Work instructions: Would you repeat the listing below verbatim and drop the images?

Stored data:
☆ ☆ ☆ ☆ ☆
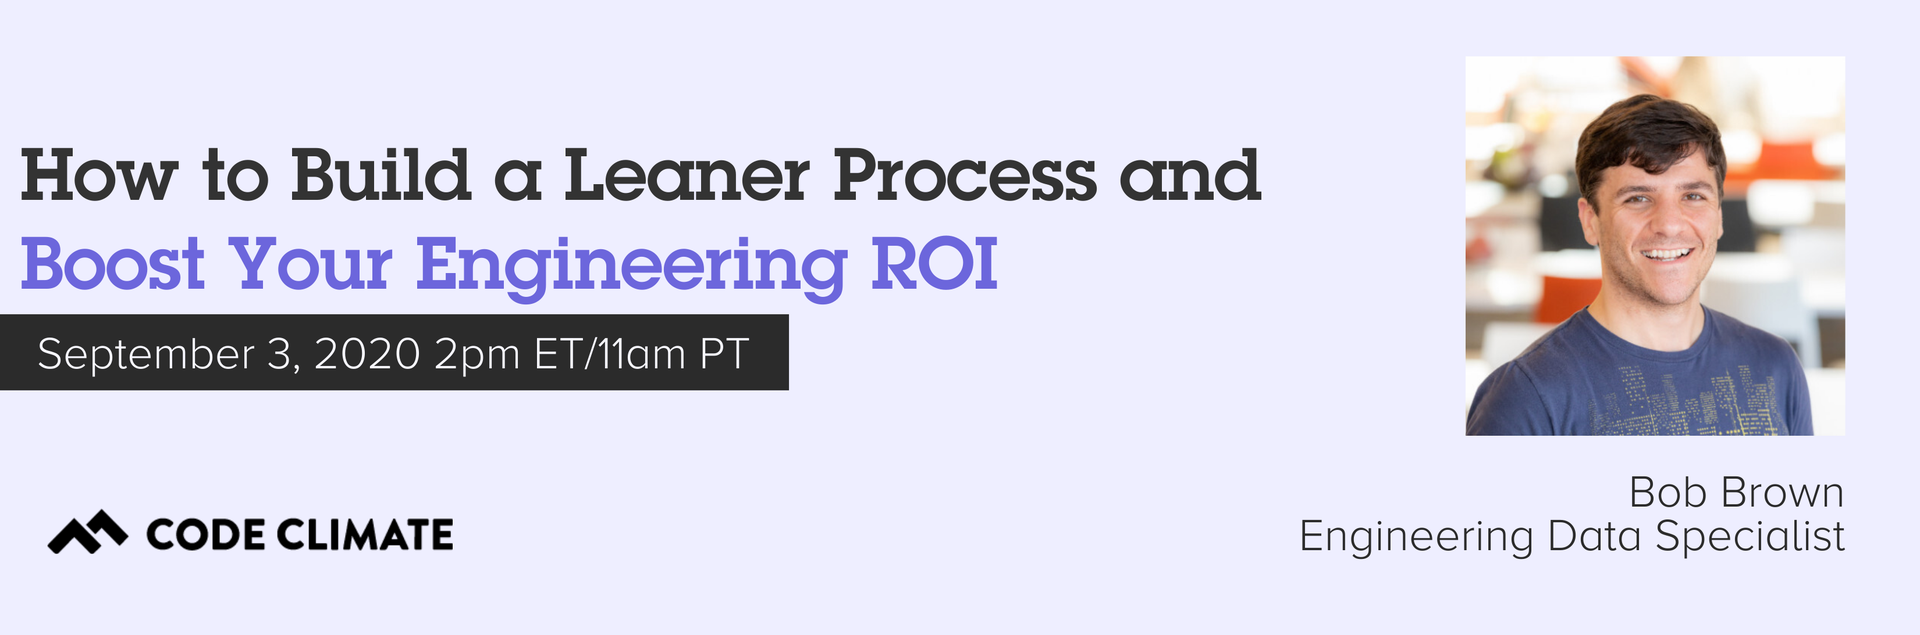 Join us for a free, 45-minute live webinar with Code Climate Data 
Specialist Bob Brown on Thursday, September 3rd at 2pm (EDT), as we discuss 
how leaders use data to to build a leaner process at scale and get the 
intended ROI from their engineering organization.
☆ ☆ ☆ ☆ ☆
Output of the task:
 Join us for a free, 45-minute live webinar with Code Climate Data 
Specialist Bob Brown on Thursday, September 3rd at 2pm (EDT), as we discuss 
how leaders use data to to build a leaner process at scale and get the 
intended ROI from their engineering organization.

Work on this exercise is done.